Centre Hepato-Biliaire, AP-HP Hopital Paul Brousse, Villejuif, France.
Liver Transpl. 2010 Jul;16(7):885-94. doi: 10.1002/lt.22084.
A variety of prophylactic strategies are used to prevent the risk of hepatitis B virus (HBV) transmission from antibody to hepatitis B core antigen (anti-HBc)-positive donors. The mechanisms underlying the failure of HBV immunoglobulin monoprophylaxis have been poorly evaluated. Seventy-seven anti-HBc-positive grafts were used in 21 hepatitis B surface antigen (HBsAg)-positive recipients and 56 HBsAg-negative recipients. HBsAg-positive recipients received prophylaxis comprising hepatitis B immunoglobulins (HBIG) and antiviral agents, 45 HBsAg-negative recipients received a modified HBIG regimen, and 11 HBsAg-negative recipients received no prophylaxis. Both donors and recipients were screened for HBsAg, antibody to HBsAg (anti-HBs) and anti-HBc in their sera and for HBV DNA in both their sera and liver. S gene mutations were investigated after HBV reinfection. HBV infection occurred in 15 HBsAg-negative recipients (19.4%) at a median interval of 16 months (range = 6-67 months) post-transplant and in none of the HBsAg-positive recipients. HBV infections were observed in 31.6% of HBV-naive recipients and 7.7% of HBV-immune recipients receiving HBIG prophylaxis versus 100% of HBV-naive recipients (P = 0.0068) and 33% of HBV-immune recipients (P = 0.08) with no such prophylaxis. S gene mutations were identified in 9 recipients. In conclusion, priority should be given to using anti-HBc positive grafts for HBsAg-positive or HBV-immune recipients. Our study has confirmed the high risk of HBV transmission to naive recipients. HBIG monoprophylaxis was associated with a significant risk of de novo HBV infection and HBV escape mutations. In these patients, we therefore recommend prophylaxis with lamivudine or new nucleos(t)ides analogues. The potential benefits of HBIG prophylaxis combined with antiviral drugs require further evaluations. Long-term prophylaxis is needed because of the long interval of de novo HBV infection post-transplant in some patients.

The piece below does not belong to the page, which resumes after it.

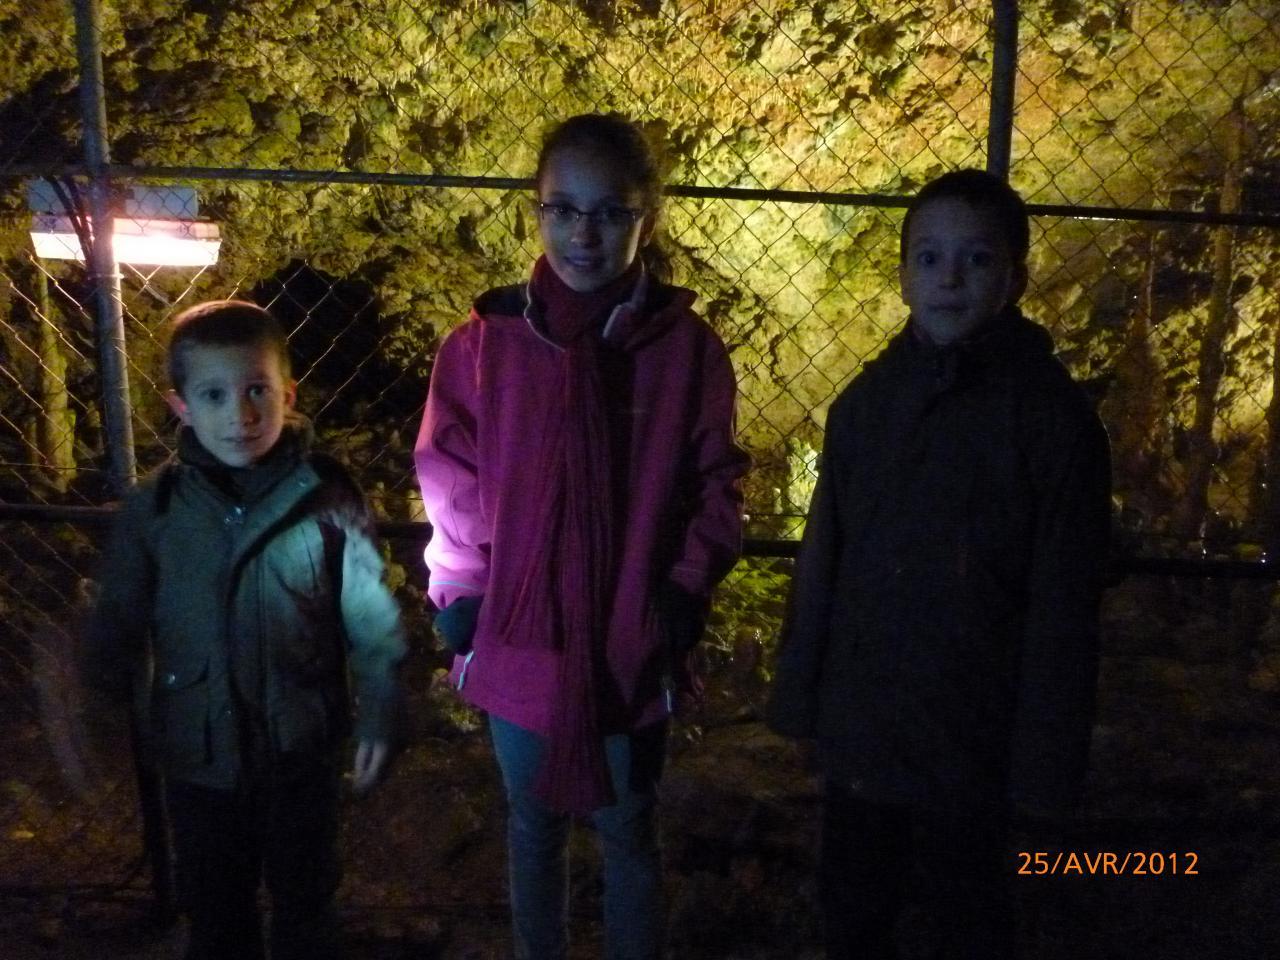 25.4 Grotte de Charles et de l'ours 3

预防乙型肝炎病毒 (HBV) 从抗乙型肝炎核心抗原 (抗-HBc) 阳性供体传播的策略多种多样。HBV 免疫球蛋白单预防失败的机制尚未得到很好的评估。21 例乙型肝炎表面抗原 (HBsAg) 阳性受者和 56 例 HBsAg 阴性受者使用了 77 例抗-HBc 阳性移植物。HBsAg 阳性受者接受包括乙型肝炎免疫球蛋白 (HBIG) 和抗病毒药物的预防,45 例 HBsAg 阴性受者接受改良 HBIG 方案,11 例 HBsAg 阴性受者未接受预防。供者和受者均接受血清 HBsAg、抗 HBs 和抗-HBc 筛查,并接受血清和肝组织 HBV DNA 筛查。HBV 再感染后研究 S 基因突变。HBV 感染发生在 15 例 HBsAg 阴性受者中(19.4%),中位时间为移植后 16 个月(范围=6-67 个月),无一例 HBsAg 阳性受者发生。在未接受 HBIG 预防的 HBV 无感染受者中,HBV 感染发生率为 31.6%,在接受 HBIG 预防的 HBV 免疫受者中为 7.7%,而在未接受 HBIG 预防的 HBV 无感染受者中为 100%(P=0.0068),在接受 HBIG 预防的 HBV 免疫受者中为 33%(P=0.08)。9 例受者中鉴定出 S 基因突变。总之,应优先为 HBsAg 阳性或 HBV 免疫受者使用抗-HBc 阳性移植物。本研究证实了 HBV 对无感染受者传播的高风险。HBIG 单预防与新的 HBV 感染和 HBV 逃逸突变显著相关。因此,我们建议在这些患者中使用拉米夫定或新型核苷(酸)类似物进行预防。HBIG 预防联合抗病毒药物的潜在益处需要进一步评估。由于一些患者移植后新的 HBV 感染间隔时间较长,因此需要长期预防。